New Orleans for Vegetarians - A request for suggestions

I visited the AALL website today only to see in bold blue type that the annual meeting is in only 68 days! I have never been to New Orleans and am very interested to see what it's like. I can't wait to see new places, meet new people and see old friends. However, what I am not looking forward to is the food situation.

As you can probably guess from the title of this posting, I am a vegetarian. And contrary to what it appears most people believe (even here in Seattle), I do NOT eat seafood. Yes, this means I do not eat fish, oysters, crawfish, etc. Though I'm an ovo lacto vegetarian, so I do eat eggs and dairy (which expands my options but I'm not so sure how much in this case). While I can appreciate people's anticipation for the feasts that await them in a couple months, I am currently having flashbacks to my week of quesadillas in San Antonio.

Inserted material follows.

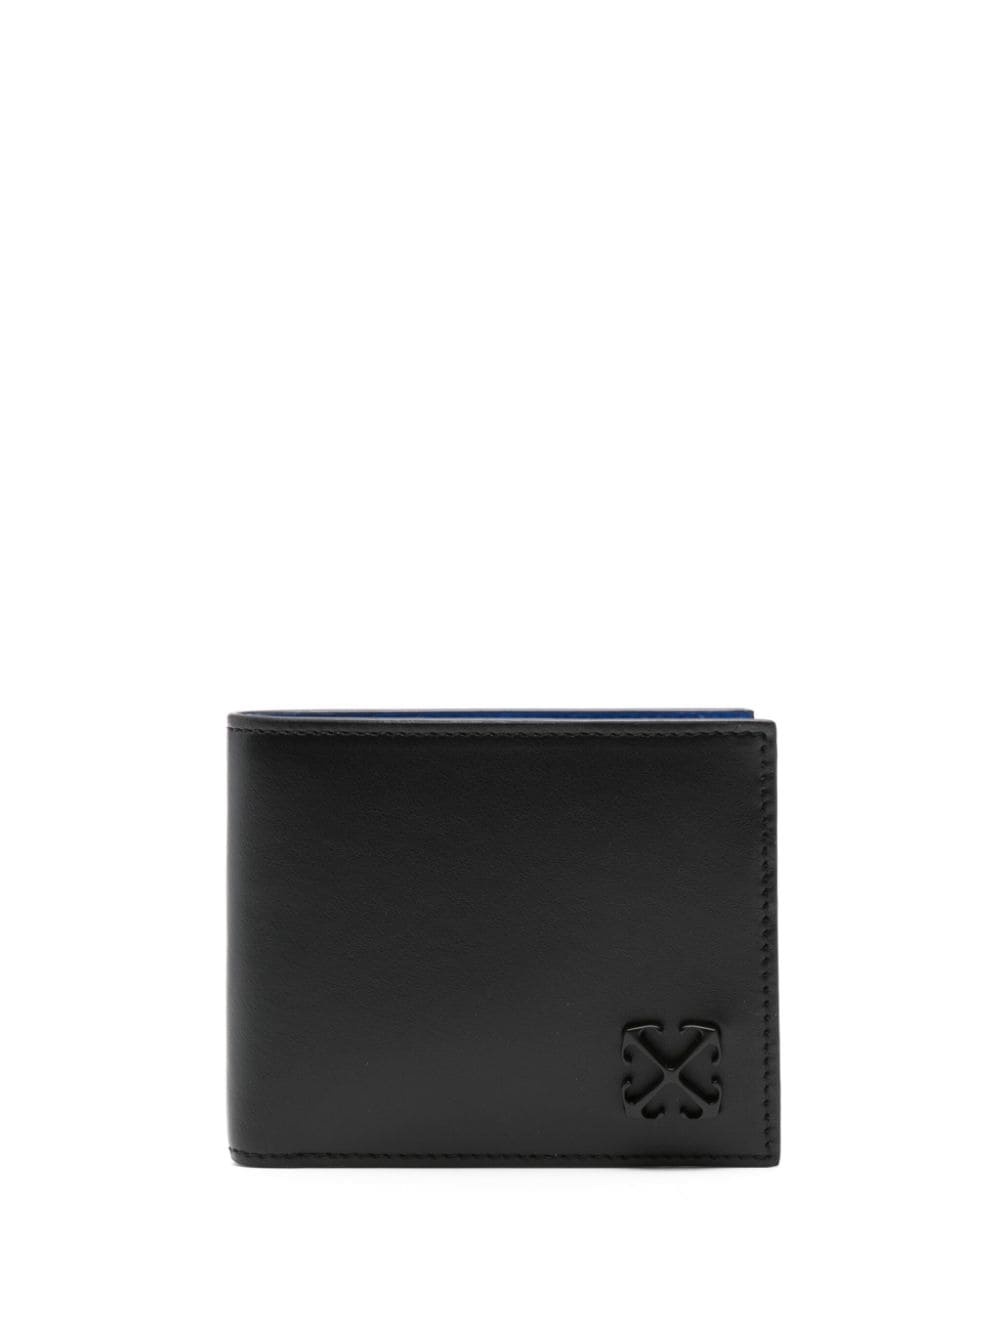 Arrows-motif leather wallet - 1

I decided to see if I could find a few restaurant options. I searched Yahoo! travel, Citysearch, and went through a couple of veg-friendly lists and the handful of options I found seem to be too far to walk to. Looks like it might be a week of cliff bars and iceberg lettuce "salad."

So I'd love to hear about any places you'd like to suggest with good vegi options that are within walking distance of the convention center. Please feel free to make a comment and share. The entire AALL vegetarian constituency will thank you for it.